Jäger töten in Deutschland jedes Jahr mehr als fünf Millionen Wildtiere sowie mehrere hunderttausend Hunde und Katzen – obgleich die Jagd zahlreichen wissenschaftlichen Studien und Wildbiologen zufolge unnötig ist. Prof. Josef Reichholf von der TU München etwa betont, dass sich waldbewohnende Tierpopulationen schon immer selbst reguliert haben. Die ausschlaggebenden Faktoren für die Populationsentwicklung sind natürliche Umwelteinflüsse. Auch Prof. Manfred Niekisch, international anerkannter Experte für Naturschutz, unterstreicht, dass eine etwaige Überpopulation einer Tierart aufgrund von Nahrungsmangel irgendwann von alleine zusammenbricht. Des Weiteren beschreibt Niekisch die Jagd als komplett überschätztes Mittel der Regulation. Die Jagd zerstört Familienverbände und Sozialstrukturen und führt dazu, dass sich die Tiere unkontrolliert vermehren.
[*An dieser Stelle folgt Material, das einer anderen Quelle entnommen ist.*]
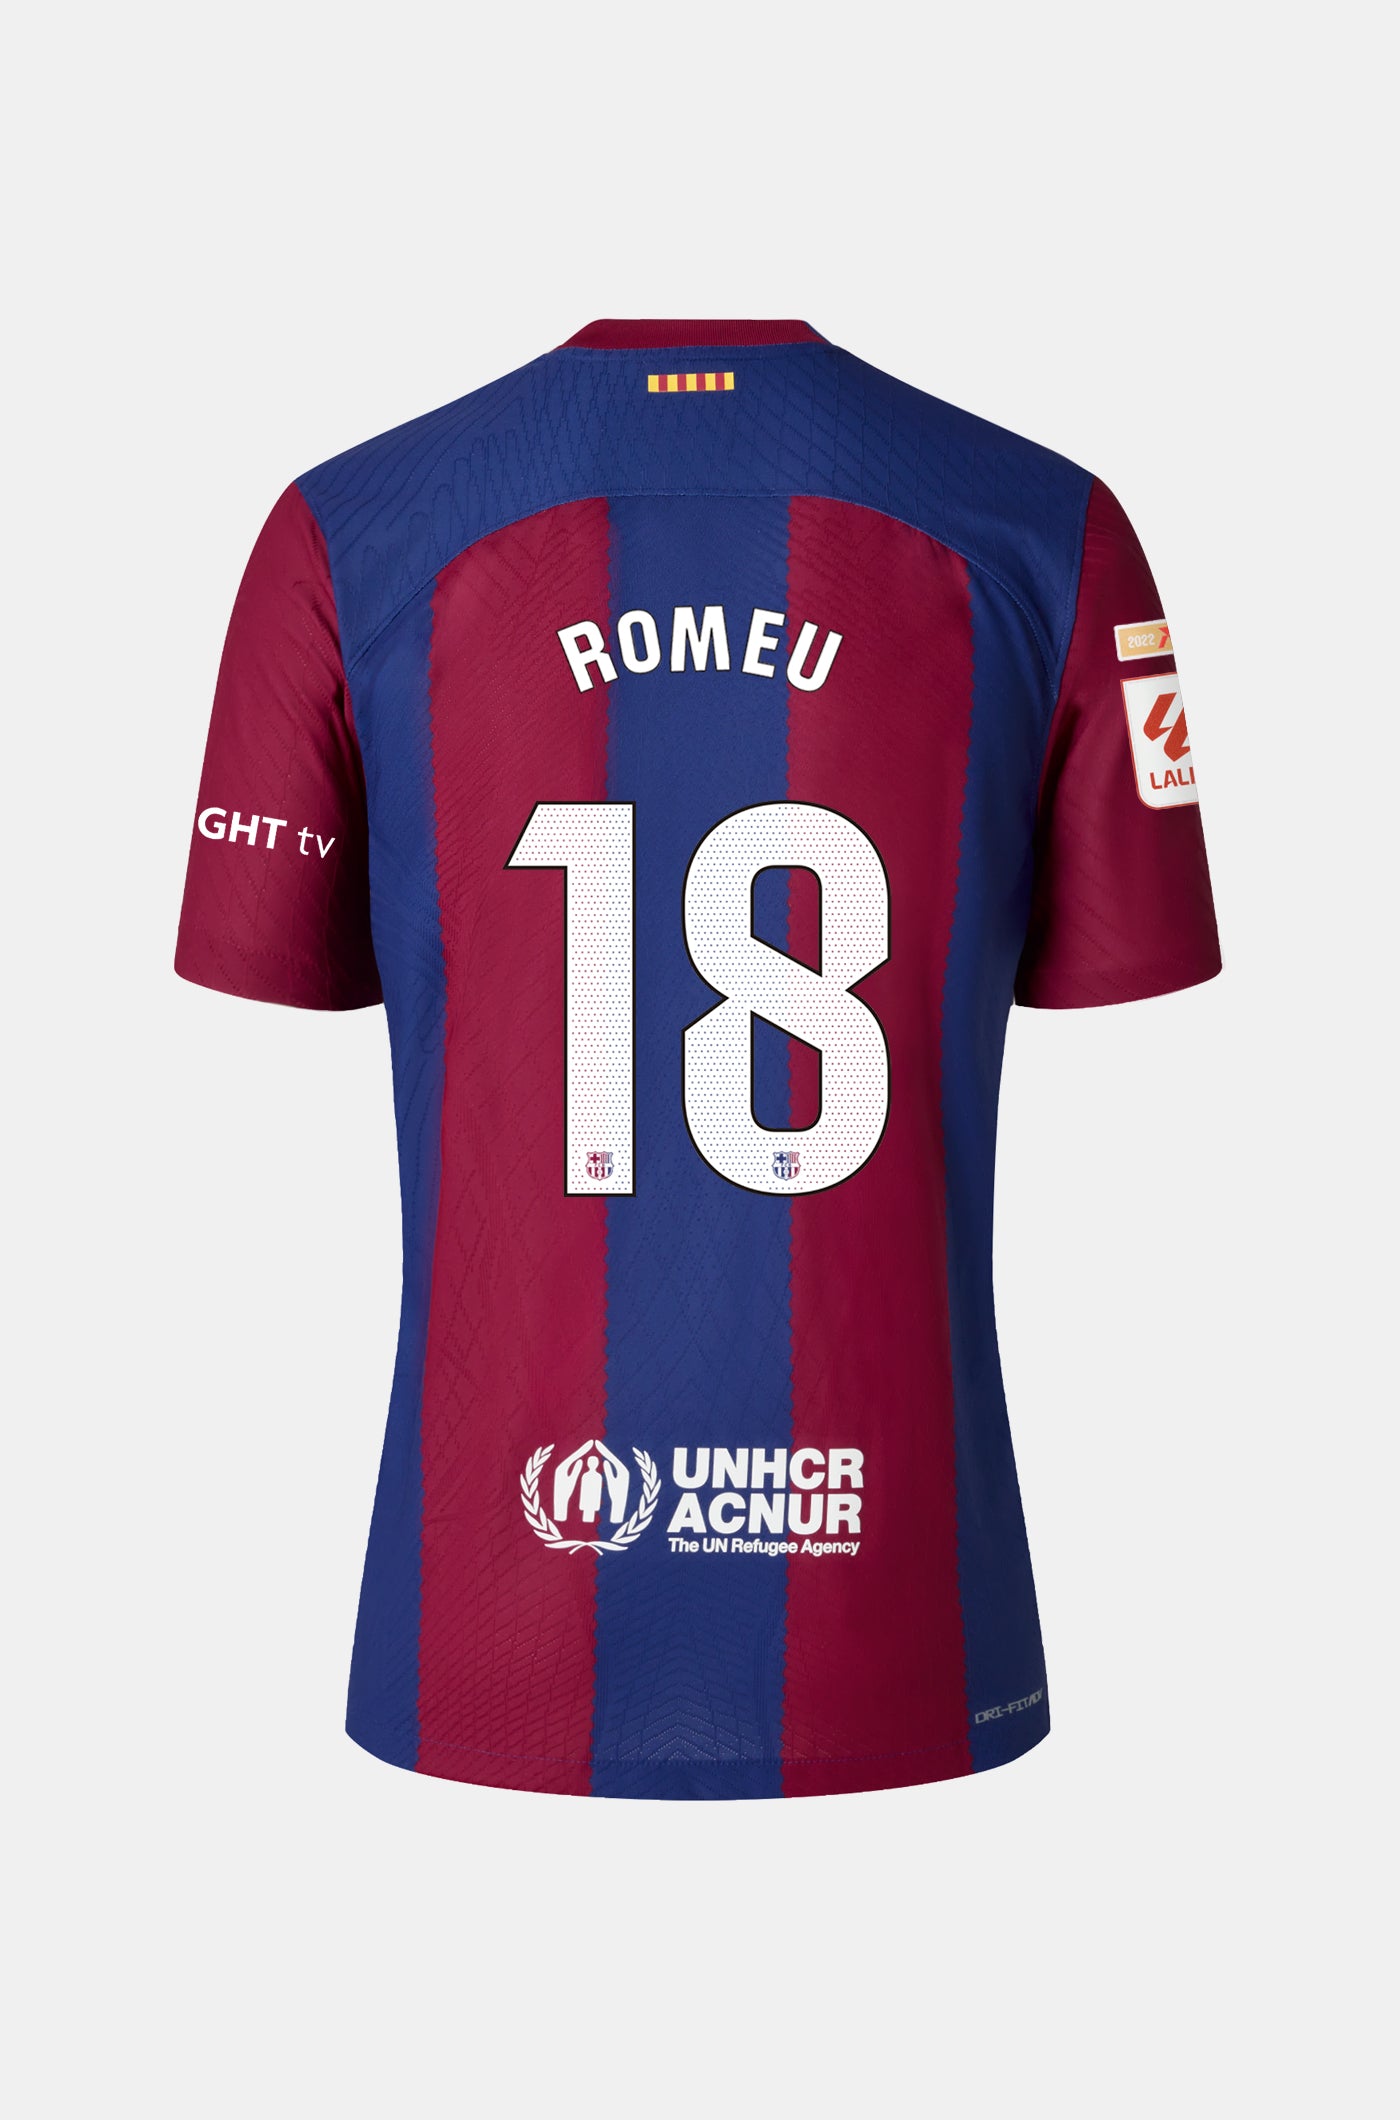 LFP FC Barcelona Home Shirt 23/24 Player's Edition - Women - ROMEU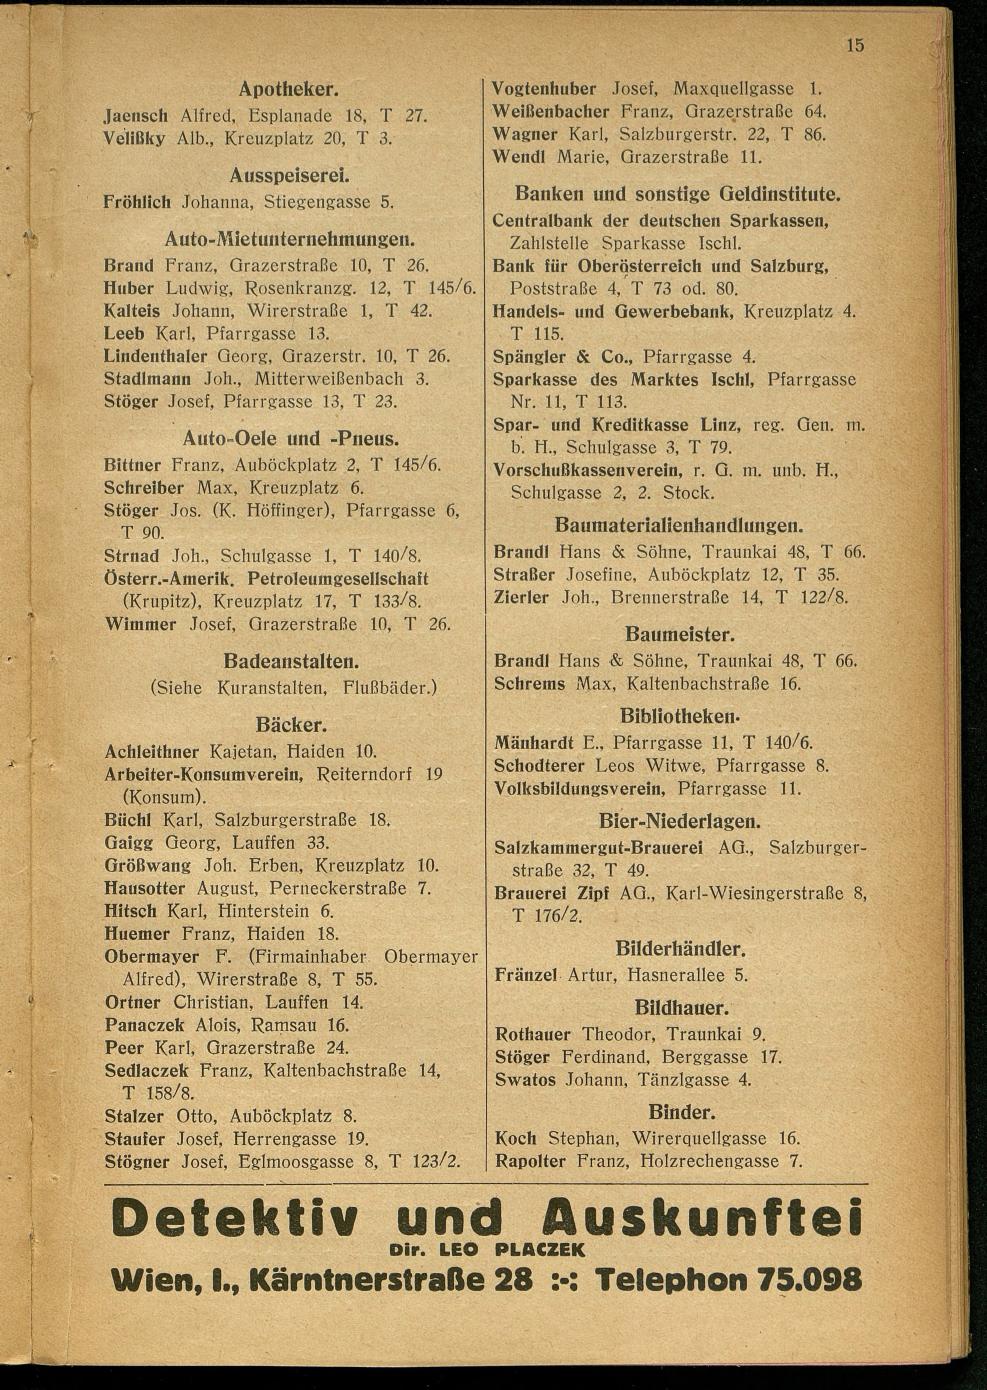 Handels- und Gewerbe-Adressbuch nebst Häuser-Verzeichnis der Kurortsgemeinde Bad Ischl 1925 - Seite 19

Wer Tiere quält, belässt es selten dabei – das ist das Fazit der Kölner GAP-Studie – und er neigt auch zur Gewaltbereitschaft gegenüber Menschen. So schrieb Albert Schweitzer „für jemanden, der sich daran gewöhnt hat, das Leben eines anderen Lebewesens als lebensunwürdig anzusehen, besteht die Gefahr, dass er zu dem Schluss kommt, auch menschliches Leben sei wertlos“. Deshalb nannte Bundespräsident Theodor Heuss die Jagd „eine Nebenform der menschlichen Geisteskrankheit“. Dem ist nichts hinzuzufügen.